I have a situation where I need to stop the tasks in the async function where it matches the condition whether in task_1 or task_2 or task_3 and also check that result is not None if the results is None then I'd like to proceed till the function gets the first result which is not None. Here is the minimal reproducible code I have so far:

import asyncio


async def task_1(_id):
    _ids = ["230327-12717", "230221-28276", "230214-06090"]

    for i in _ids:
        if i == _id:
            return f"Found {_id} in task_1"


async def task_2(_id):
    _ids = ["230502-14191", "230425-17005", "230327-14434"]

    for i in _ids:
        if i == _id:
            return f"Found {_id} in task_2"


async def task_3(_id):
    _ids = ["230404-23786", "230221-25729", "230221-28276"]

    for i in _ids:
        if i == _id:
            return f"Found {_id} in task_3"


async def main(_id):
    tasks = [task_1(_id), task_2(_id), task_3(_id)]

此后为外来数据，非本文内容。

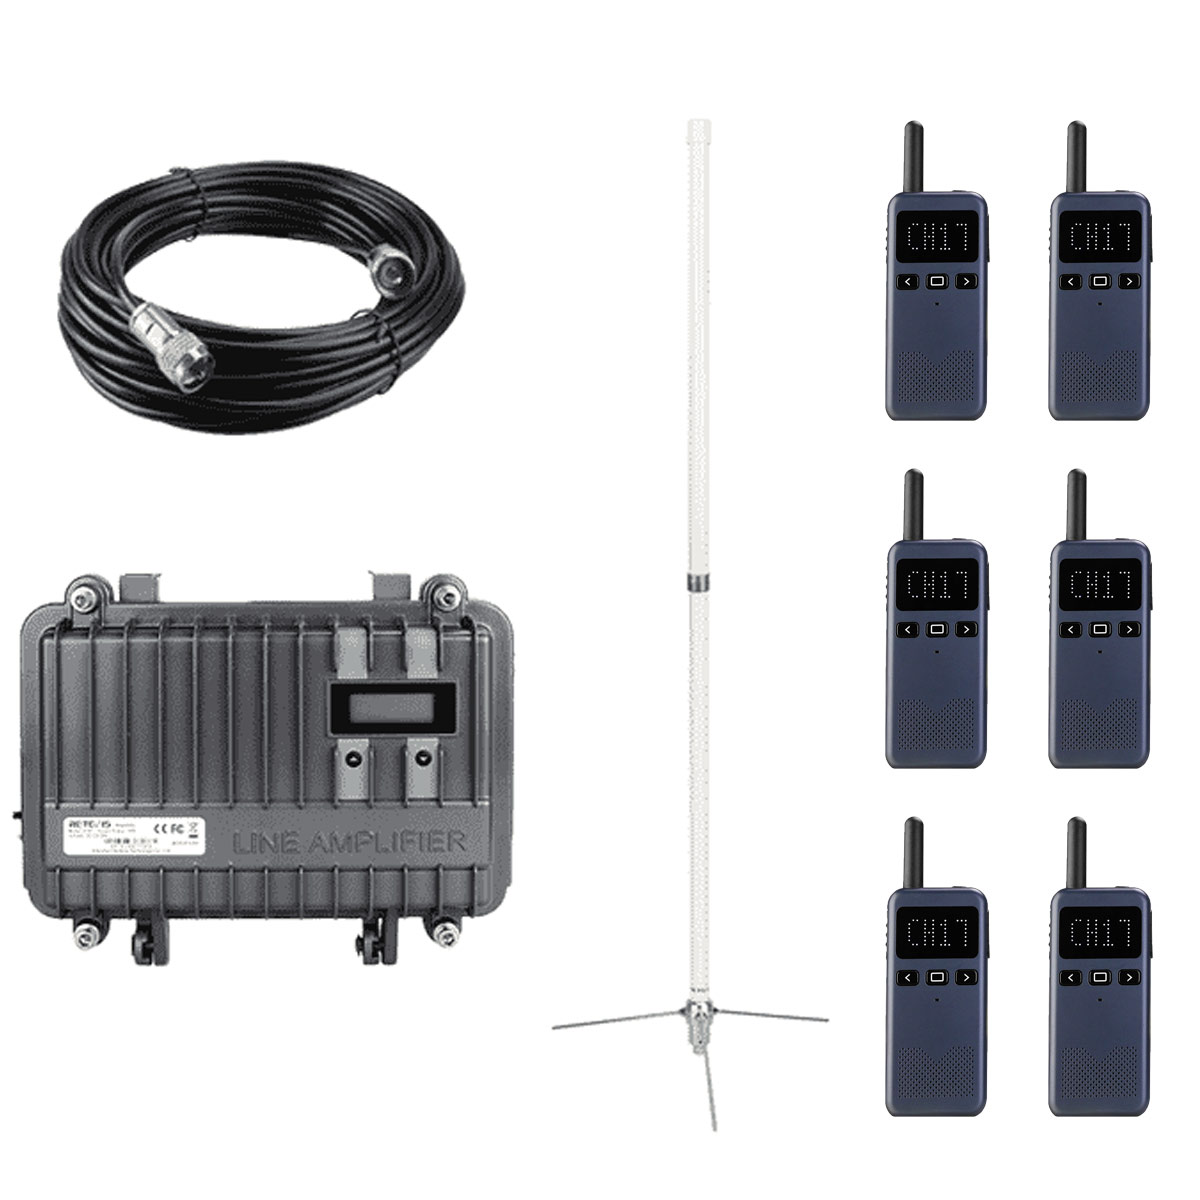 RT97 GMRS Repeater and RB19P 6 pack – Farm Team Bundles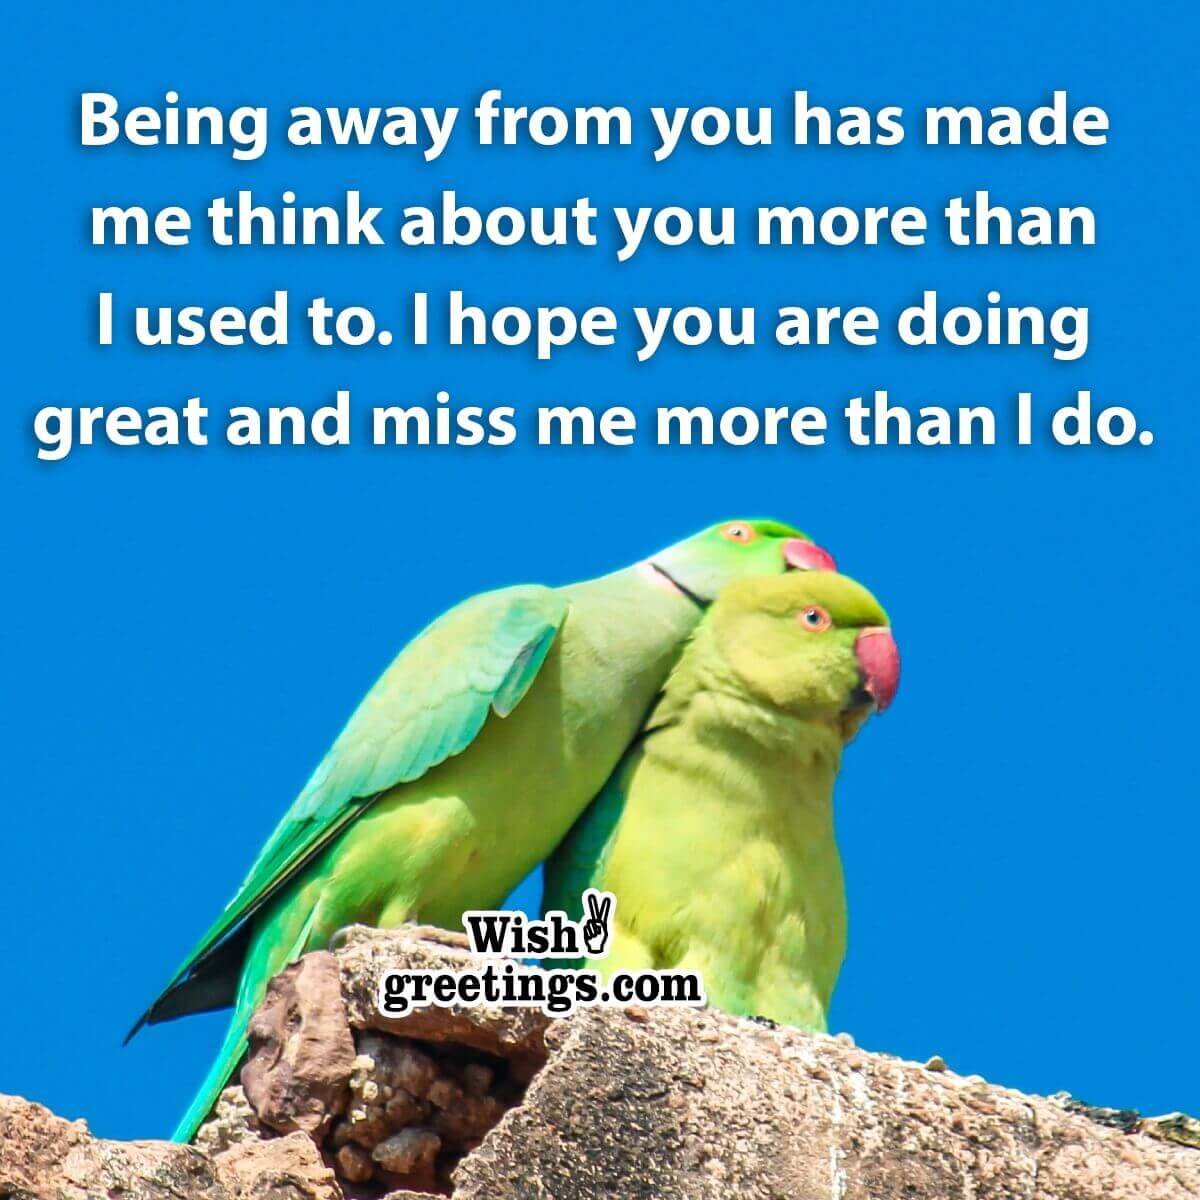 Missing You Message Image

    finished, unfinished = await asyncio.wait(
        tasks, return_when=asyncio.FIRST_COMPLETED
    )

    print(finished)


if __name__ == "__main__":
    loop = asyncio.get_event_loop()
    loop.run_until_complete(main("230502-14191"))

which gives output:

{<Task finished name='Task-2' coro=<task_2() done, defined at /home/zerox/pipedrive_CRM/minimal.py:13> result='Found 230502-14191 in task_2'>, <Task finished name='Task-3' coro=<task_3() done, defined at /home/zerox/pipedrive_CRM/minimal.py:21> result=None>, <Task finished name='Task-4' coro=<task_1() done, defined at /home/zerox/pipedrive_CRM/minimal.py:5> result=None>}

And my expected output should be something like this:

{<Task finished name='Task-2' coro=<task_2() done, defined at /home/zerox/pipedrive_CRM/minimal.py:13> result='Found 230502-14191 in task_2'>}

How can I achieve that?

答案1

得分: 1

这似乎是一个 XY 问题,所以我会试着解释你实际想要达到的目的。

每当你需要协调多个任务的时候,最好从可用的同步原语开始。

在这种情况下,你希望对你特定的 ID 进行搜索,在其中一个任务中找到后,停止所有任务,这时候一个 Event 对象会很有用。主协程安排了“搜索”任务,然后简单地等待事件被设置。所有任务都携带对该事件对象的引用,一旦有任务找到了 ID,它就会设置该事件。主协程然后取消所有任务并清理。

演示代码:

from asyncio import Event, create_task, gather, run, sleep
from collections.abc import Iterable


async def _search(id_: str, ids: Iterable[str], found: Event, name: str) -> None:
    for i in ids:
        await sleep(0)
        print(f"{name} checking {i}")
        if i == id_:
            print(f"Found {id_} in {name}")
            found.set()


async def task_1(id_: str, found: Event) -> None:
    ids = ["230327-12717", "230221-28276", "230214-06090"]
    await _search(id_, ids, found, "task_1")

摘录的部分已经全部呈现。